Posted by: admin November 29, 2017 Leave a comment

Questions:

What is the most efficient way to display the last 10 lines of a very large text file (this particular file is over 10GB). I was thinking of just writing a simple C# app but I’m not sure how to do this effectively.

Answers:

Read to the end of the file, then seek backwards until you find ten newlines, and then read forward to the end taking into consideration various encodings.
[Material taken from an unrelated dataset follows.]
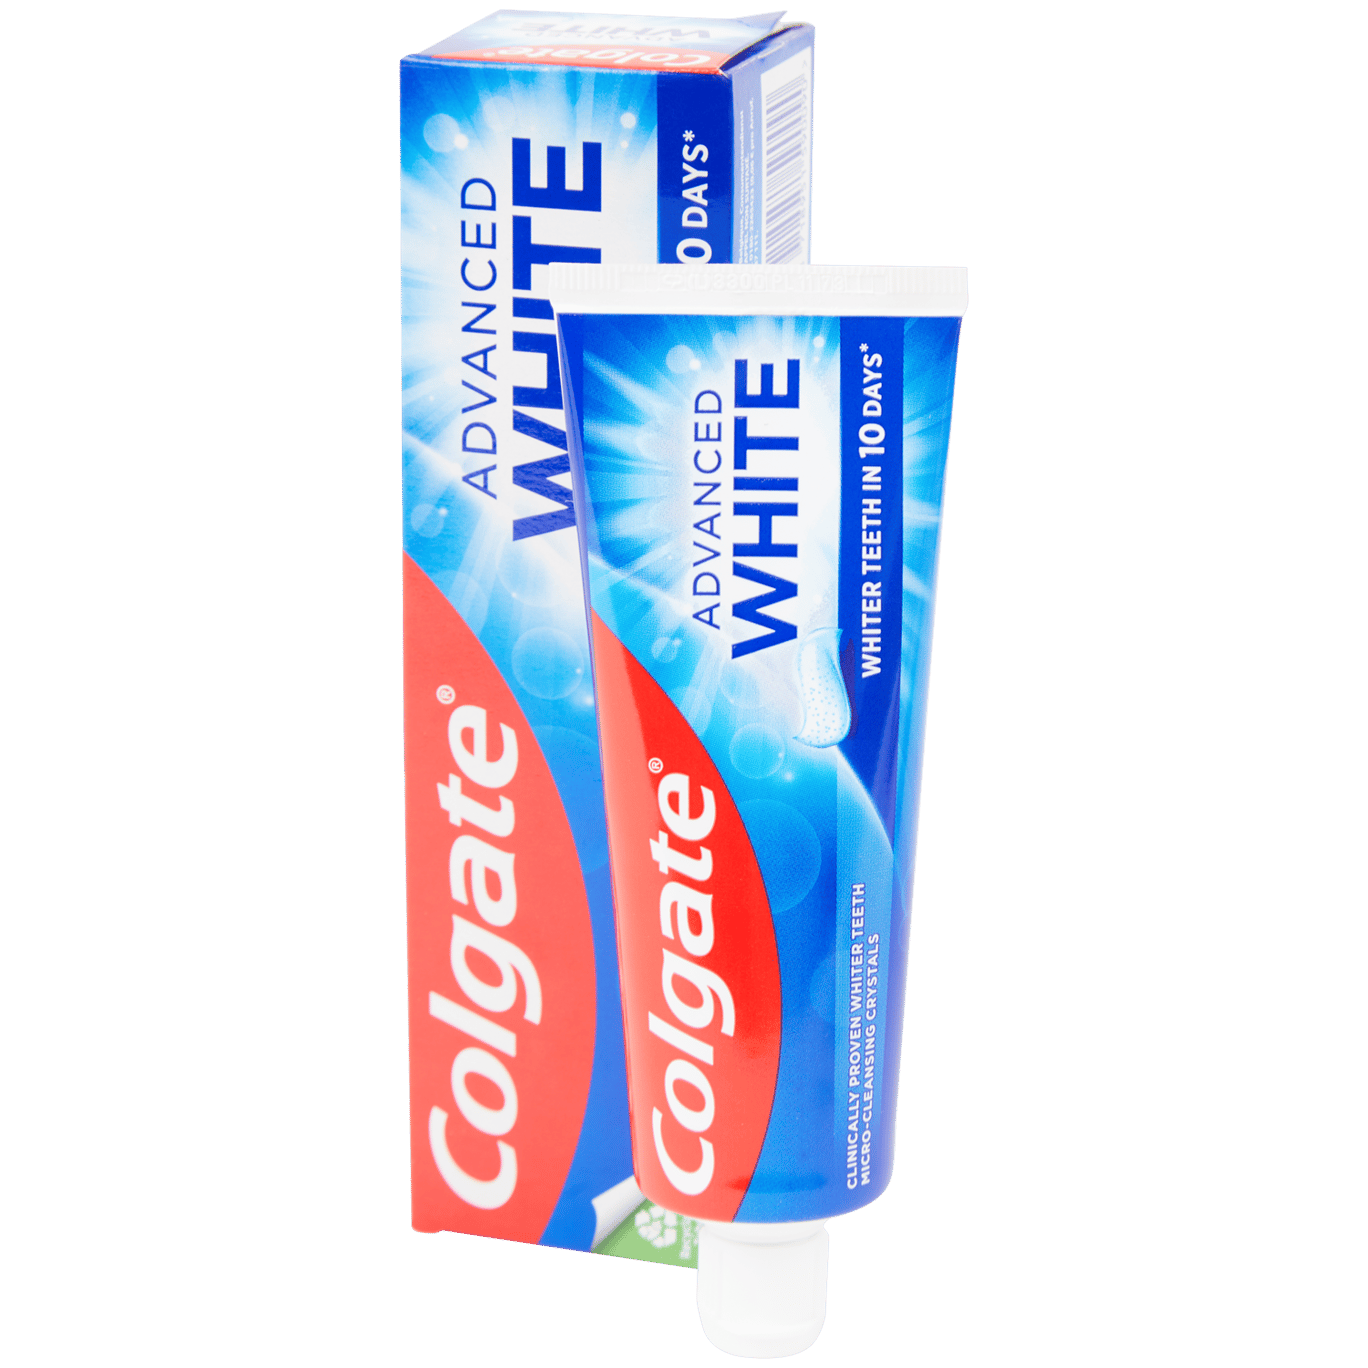 Pasta de dientes Colgate Advanced White
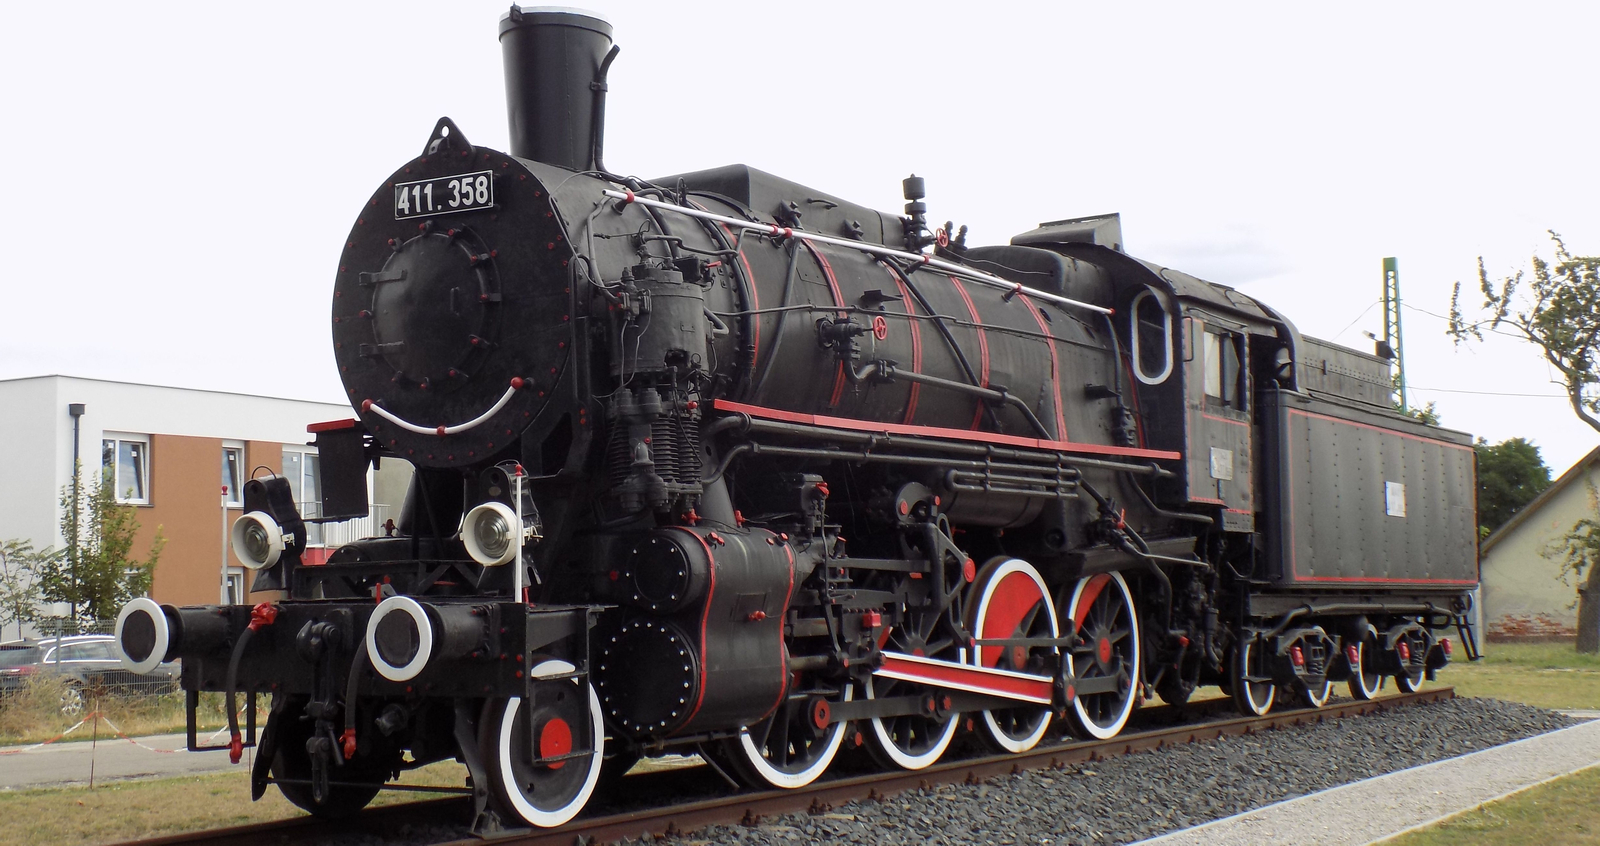 411.358 on display at Hegyeshalom Railway Station

Be sure to handle cases where the number of lines in the file is less than ten. Below is an implementation (in C# as you tagged this), generalized to find the last numberOfTokens in the file located at path encoded in encoding where the token separator is represented by tokenSeparator; the result is returned as a string (this could be improved by returning an IEnumerable<string> that enumerates the tokens).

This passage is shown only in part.